So no resolution for this problem? Too bad, would be nice to get rid of the clutter


----------



## Gretkatillor (Feb 2, 2015)

Morrus said:


> Could you link me to the actual entry?  I don't fancy checking all of them to find which has a file called "Character Sheet v2.2 (Letter).pdf"

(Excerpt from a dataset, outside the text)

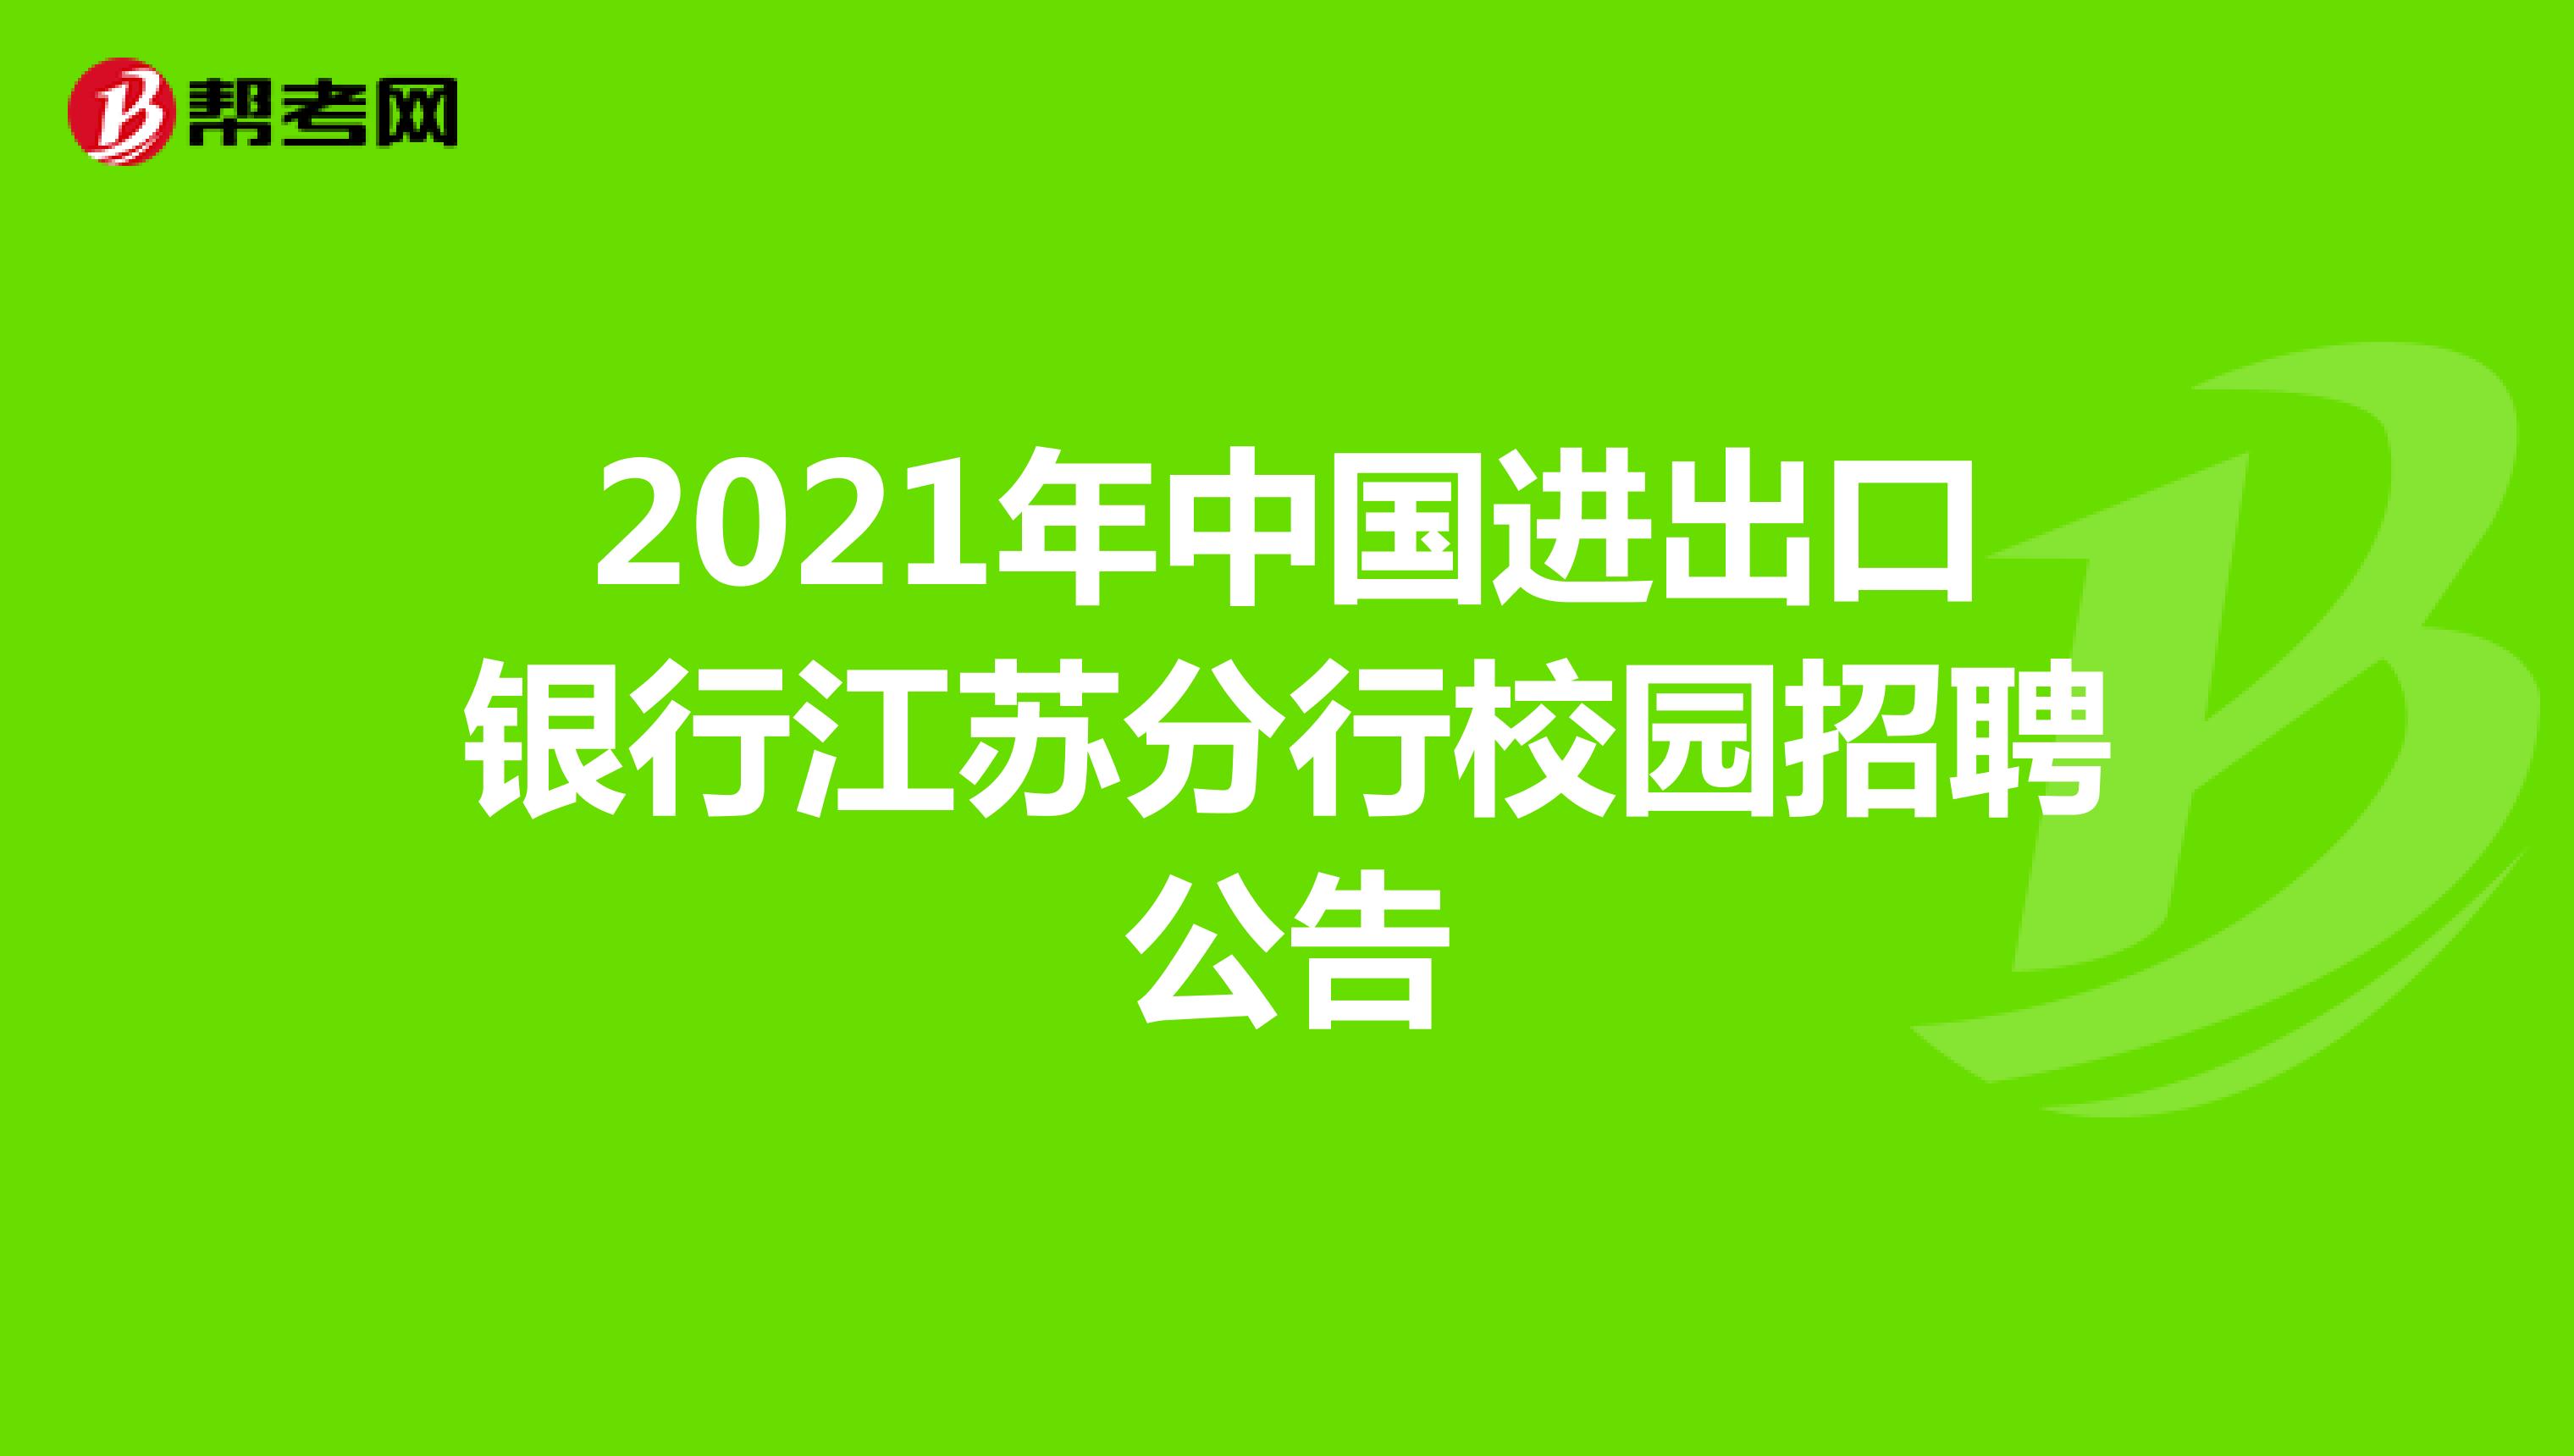 2021年中国进出口银行江苏分行校园招聘公告

As for my files, which are listed here, these were deleted but still show up in the list:

D&D 5e Sheet Auto-calculating.pdf 228.3 KB
D&D 5e Sheet DIY Mode (Auto-calculation Disabled).pdf 206.9 KB
D&D 5e Sheet Forms (Legacy).pdf
D&D 5e Sheet v02 Auto-calculating.pdf 249.7 KB
Preview Page 1.png 9.5 KB

I'd very much appreciate it if they could be completely removed.


----------



## morepurplemorebetter (Mar 17, 2015)

I haven't experienced this issue since, but I am inclined to think this issue is the result of trying to download the file after you have deleted it in the 'edit' window but before saving it.


----------



## Gretkatillor (Mar 20, 2015)

Thanks for the suggestion, I'll keep that in mind the next time I upload something.


----------



## Gretkatillor (Mar 30, 2015)

Morrus said:


> Which ones are you trying to delete?  I'll try it and see if the same thing happens to me.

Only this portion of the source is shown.